WORK ITEM » Could you transcribe every entry below exactly, leaving out the pictures?

Saved data entries »
Content starts
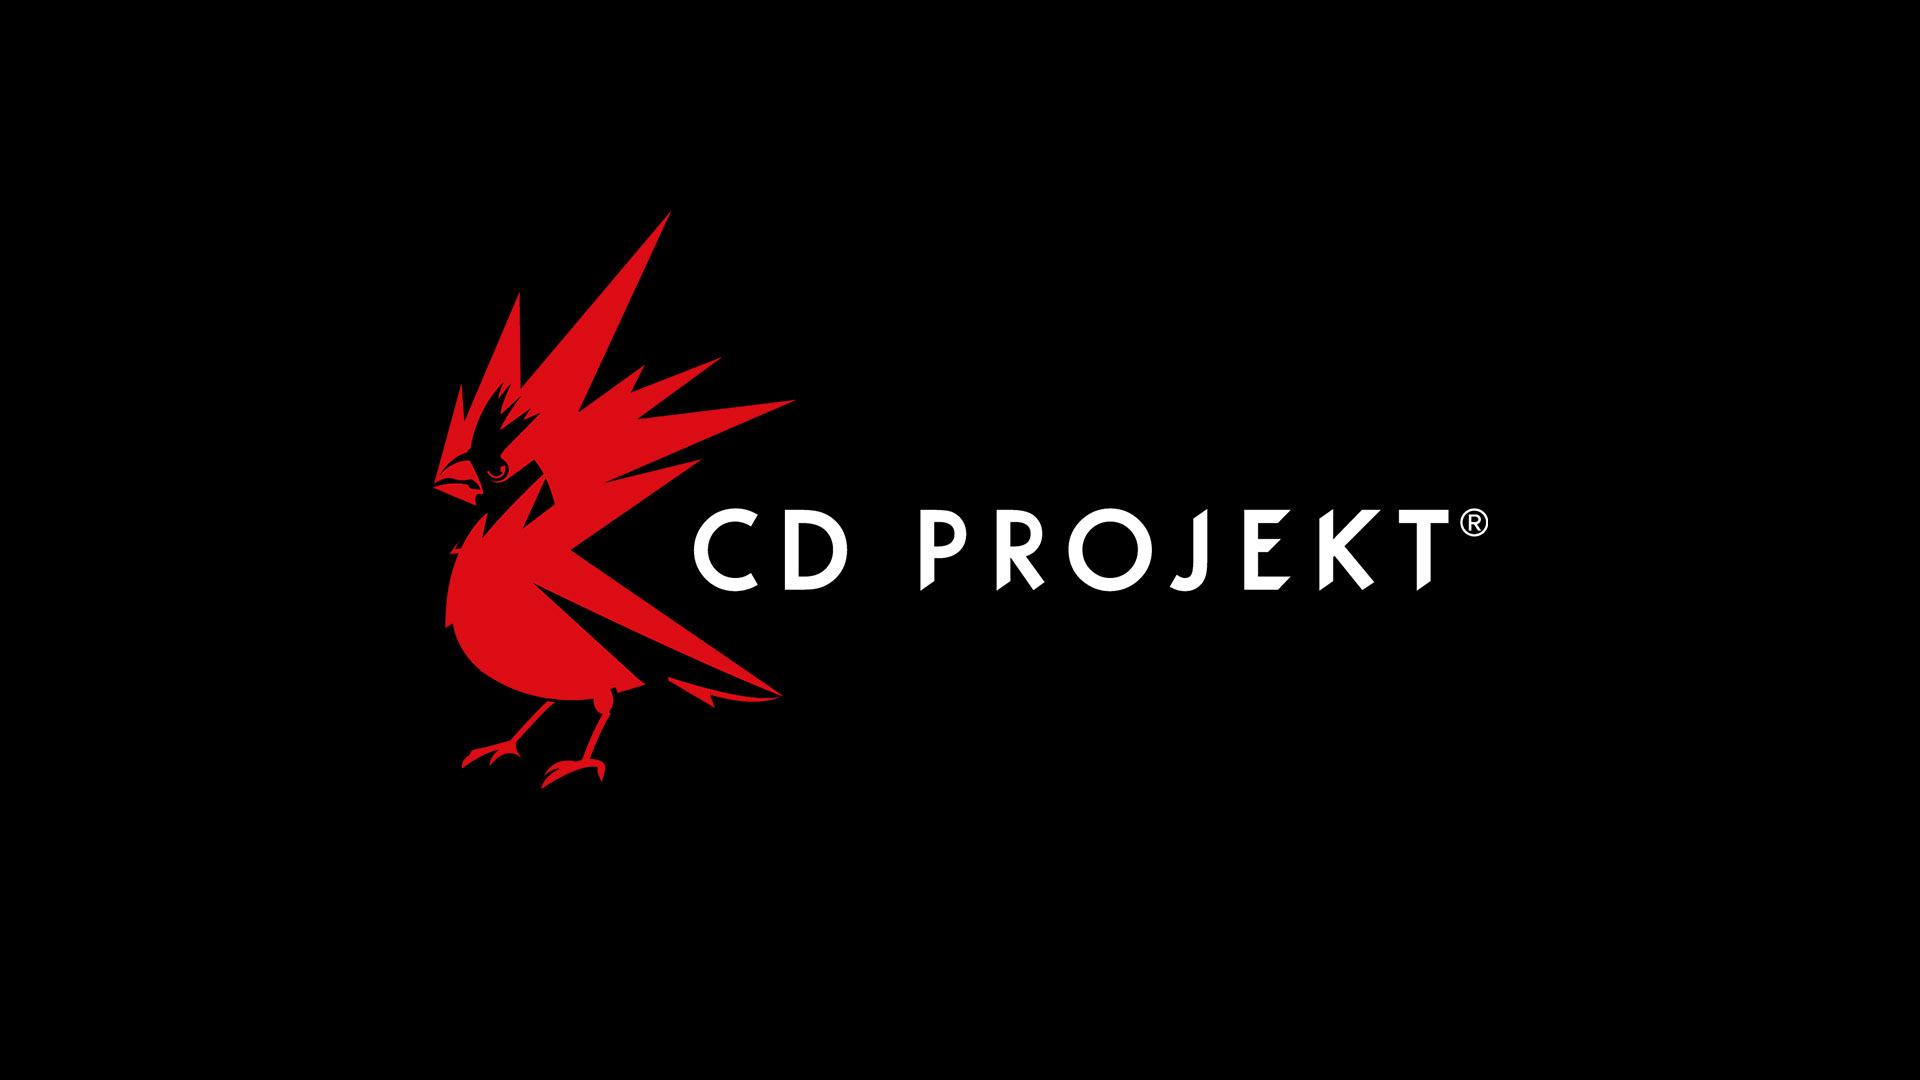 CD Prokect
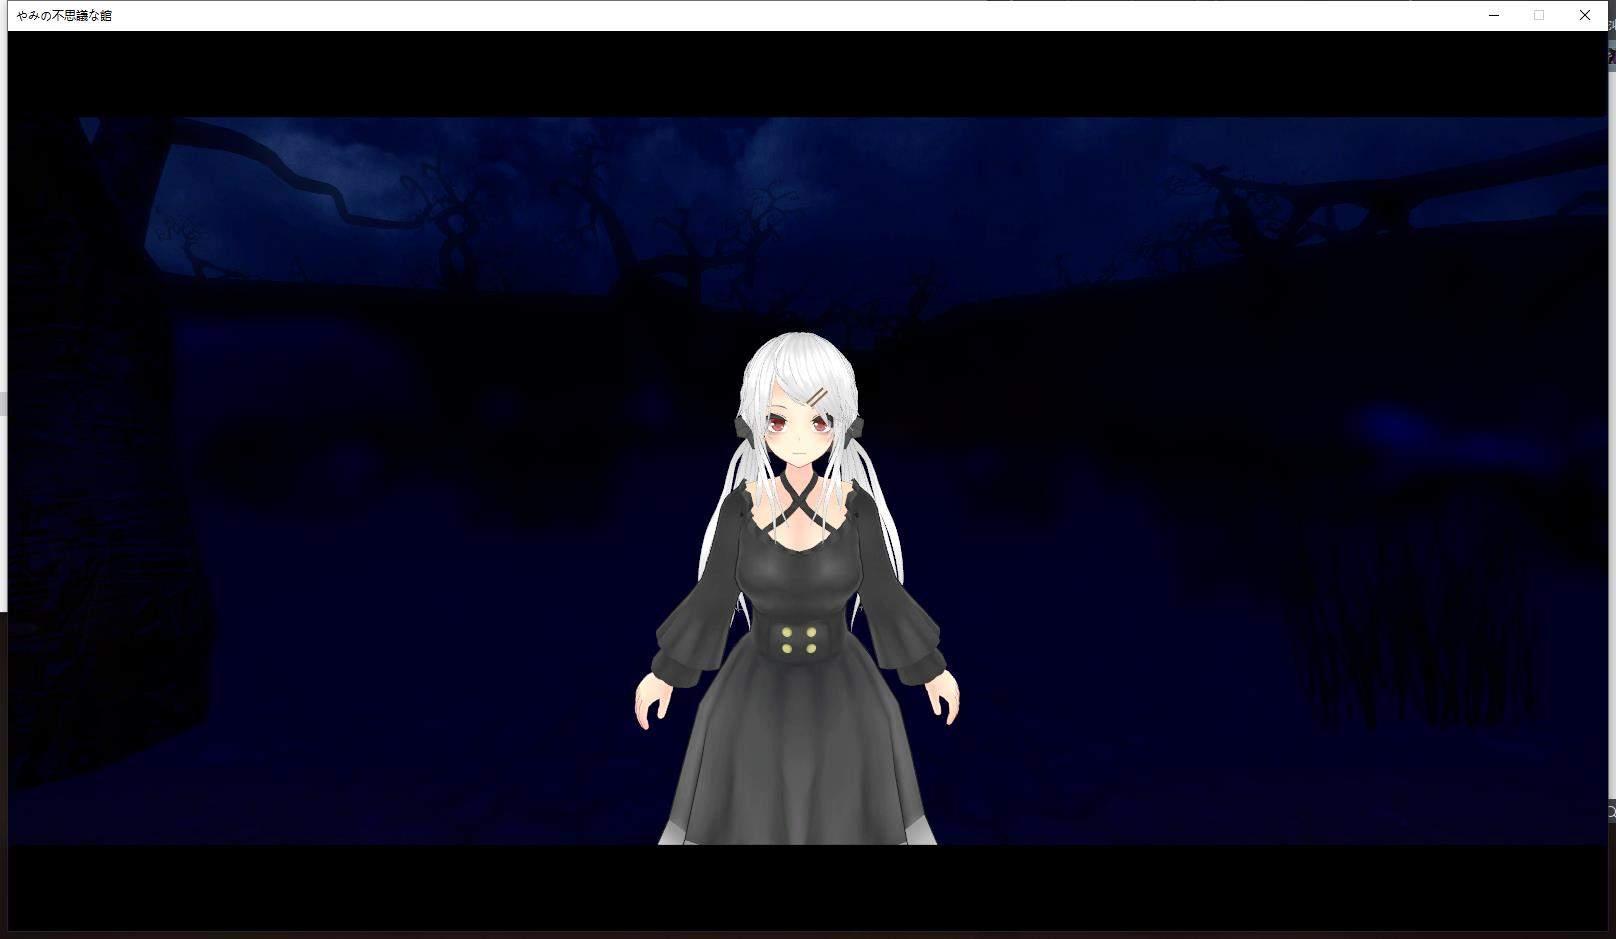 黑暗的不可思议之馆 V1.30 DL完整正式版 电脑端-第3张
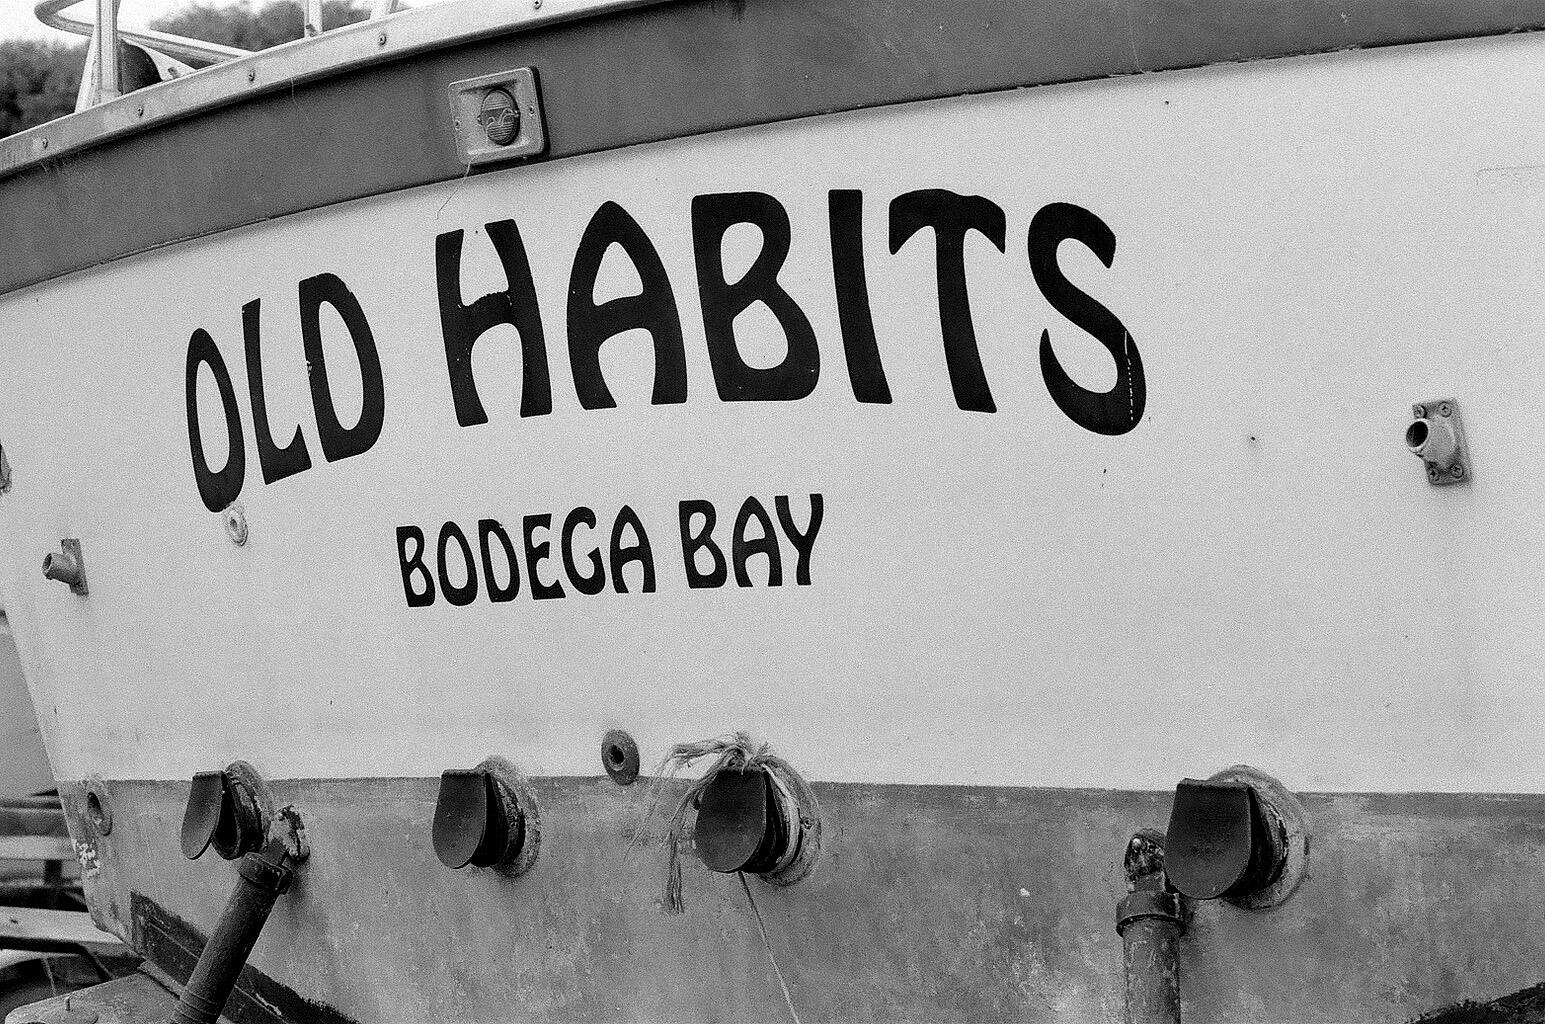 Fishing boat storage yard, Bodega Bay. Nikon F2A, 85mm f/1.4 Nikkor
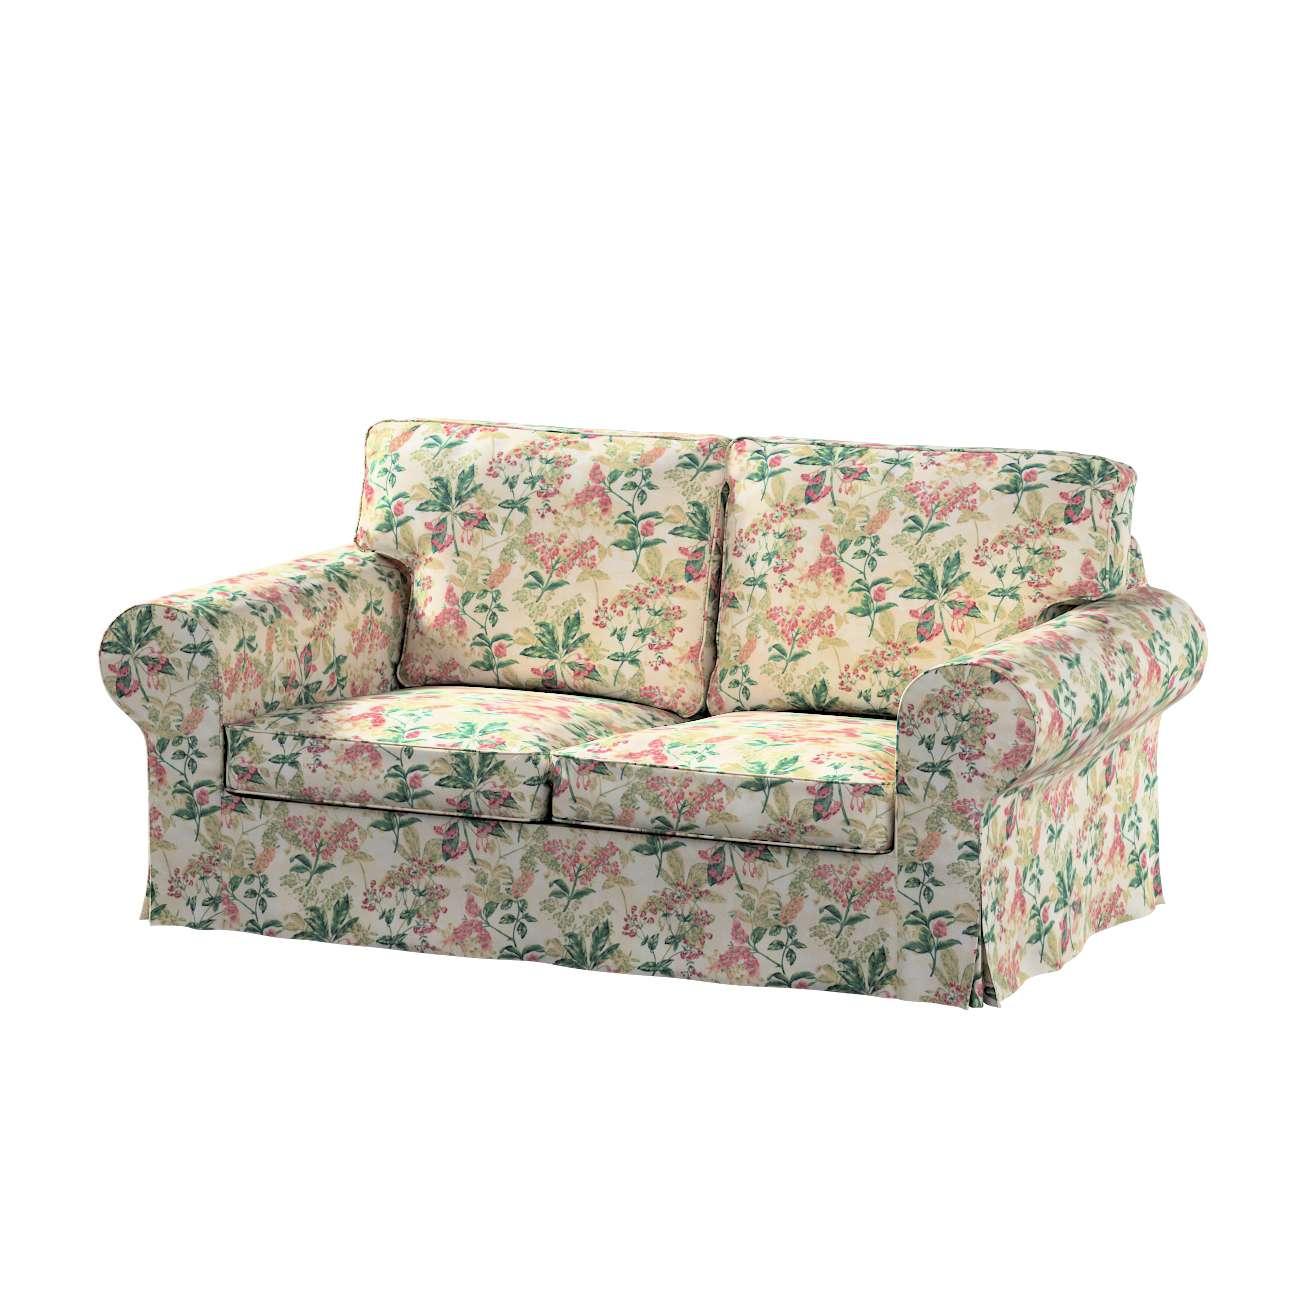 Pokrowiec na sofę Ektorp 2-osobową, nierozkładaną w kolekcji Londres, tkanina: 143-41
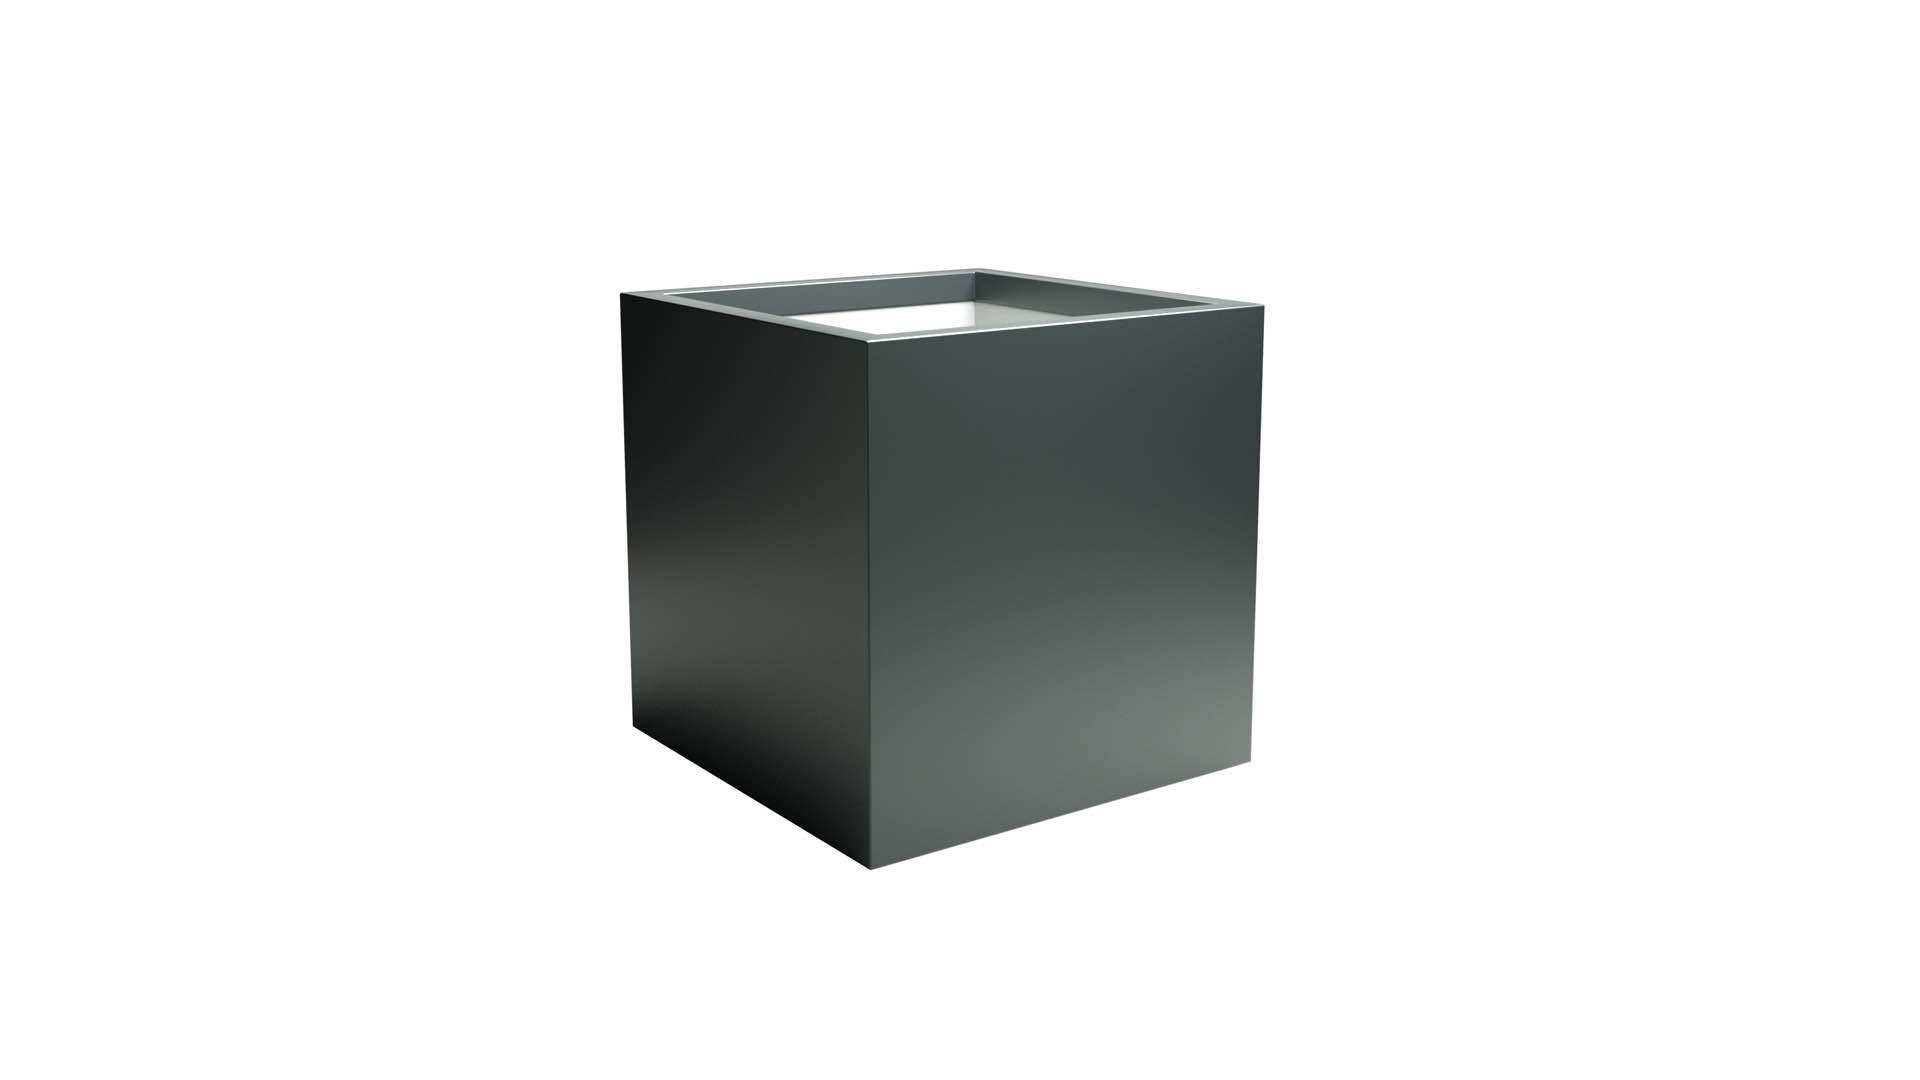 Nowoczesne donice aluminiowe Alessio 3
Content ends
EXPECTED OUTPUT »
 CD Prokect
 黑暗的不可思议之馆 V1.30 DL完整正式版 电脑端-第3张
 Fishing boat storage yard, Bodega Bay. Nikon F2A, 85mm f/1.4 Nikkor
 Pokrowiec na sofę Ektorp 2-osobową, nierozkładaną w kolekcji Londres, tkanina: 143-41
 Nowoczesne donice aluminiowe Alessio 3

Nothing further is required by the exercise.